# Allgemeine Fragen



## speddy411 (11. Juli 2009)

Hallo Leute,

Da mir bisher immer das Geld und die Erfahrung gefehlt hat mit Dice oder LN2 zu benchen und ich sonst immer nur mit Luft gebencht hab, hab ich jetzt nachdem ich das doch mal ausprobieren will mal ein paar allgemeine Fragen.

Also:

1. Wo krieg ich die Pötte her ?

2. Wo krieg ich Armaflex usw. her (Baumarkt ???)

3. Was ist mit den Spawa´s ? Rauchen die nicht ab so vollkommen ohne ?

4. Benutzt ihr die HW nach dem Benchen wieder oder hält die dann nichts mehr aus und geht bald kaputt ?


So das wars


----------



## FortunaGamer (11. Juli 2009)

Denn Pott musst du dir selber bauen. Aber einer hier im Forum baut die auch. Armaflex bekommt so viel ich weiß beim Baumarkt.


----------



## KvD (11. Juli 2009)

aaaallsoooooooooo:

erstmal sind das alles schon 1000mal gestellte fragen, aber wie extrem-overclocker sind ja ein nettes Volk 

1. Pötte bauen verschiedene Leute, imho die erste Adresse in DE ist Otterauge.
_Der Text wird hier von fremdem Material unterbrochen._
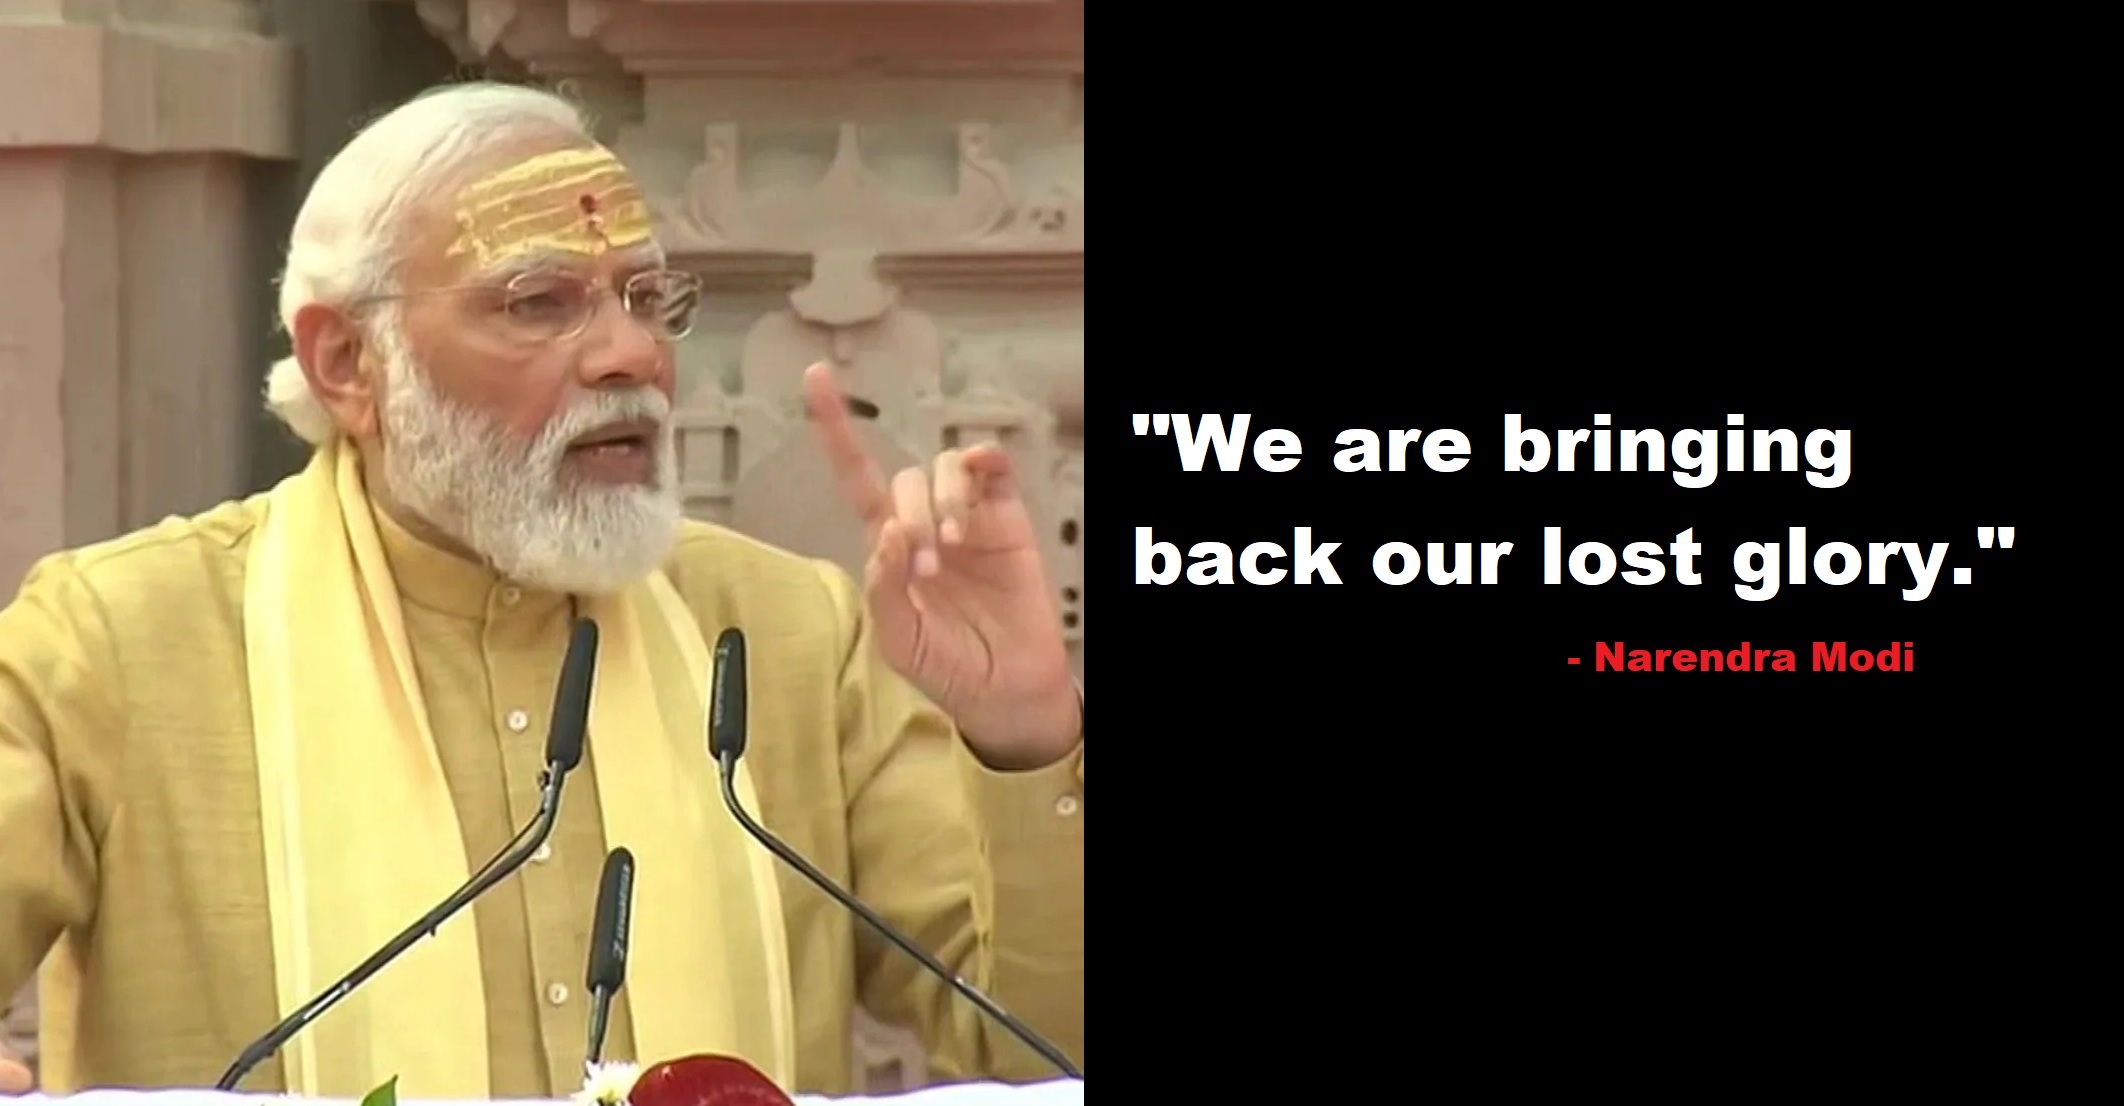 Here Are 3 ‘Sankalps’ PM Modi Requested From Indians During His Impactful Speech In Kashi

Schreib ihn einfach mal einer PN in der Awardfabrik. Andere sind z.B. Besi (Österreich), Duniek (Polen(?)), Kingpin... Mittlerweile gibt es aber wohl auch bei Aqautuning Pots zu kaufen..

2. Einer guter Potbauer legt erstmal ausreichend AF bei, nachkaufen am besten bei ebay 

3. Wenn die die Cpu mit Dice/LN kühlst wirst das ganze PC des Mainboards so kalt, das die umliegenden Bauteile ausreichen gekühlt werden. Legentlich bei einigen AM2/3 Platienen gibt es unter extremen Bedinungen probleme.

4. Ich benche zum großen Teil mit meiner Alltagshardware, wenn man es nicht unbedingt übertreibt hält das Zeug ganz schön was aus. Ausfälle gibt es natürlich immer mal wieder...


----------



## Homer (11. Juli 2009)

Hey,
ich kann mich KVD nur anschließen. 
Ein guter Potbauer aus pcghx ist der8auer
ich weiß aber nicht ob er Armaflex beilegt.

Die beiden Howto haben mir bei meinen ersten Verschen mit Dice (Trockeneis) sehr geholfen
http://extreme.pcgameshardware.de/extreme-kuehlmethoden/35981-howto-kuehlen-mit-trockeneis.html
Trockeneis / DICE - Turorial / HowTo - AwardFabrik - Forum


----------



## speddy411 (11. Juli 2009)

*Schande auf mein Haupt* *Nicht an SuFu gedacht* *Blöd*


Ok danke für die Antworten auch wenns die hier schon öfters gab 

Trotzdem hätte ich noch ne Frage und zwar was so ein Pott im Schnitt so kostet.


----------



## der8auer (11. Juli 2009)

1. Pot kannst du bei mir kaufen 

2. Bekommst du auch von mir wenn du bei mir einen Pot kaufst. Ansonsten bei ebay oder Mnzinger Frieser

3. siehe KvD 

4. Ich kaufe mir inzwischen Hardware die ich nur noch zum Benchen verwende. So muss ich meinen 24/7 Rechner nicht mehr anrühren und dieser läuft immer. Früher habe ich auch nur meine Alltagshardware gebencht.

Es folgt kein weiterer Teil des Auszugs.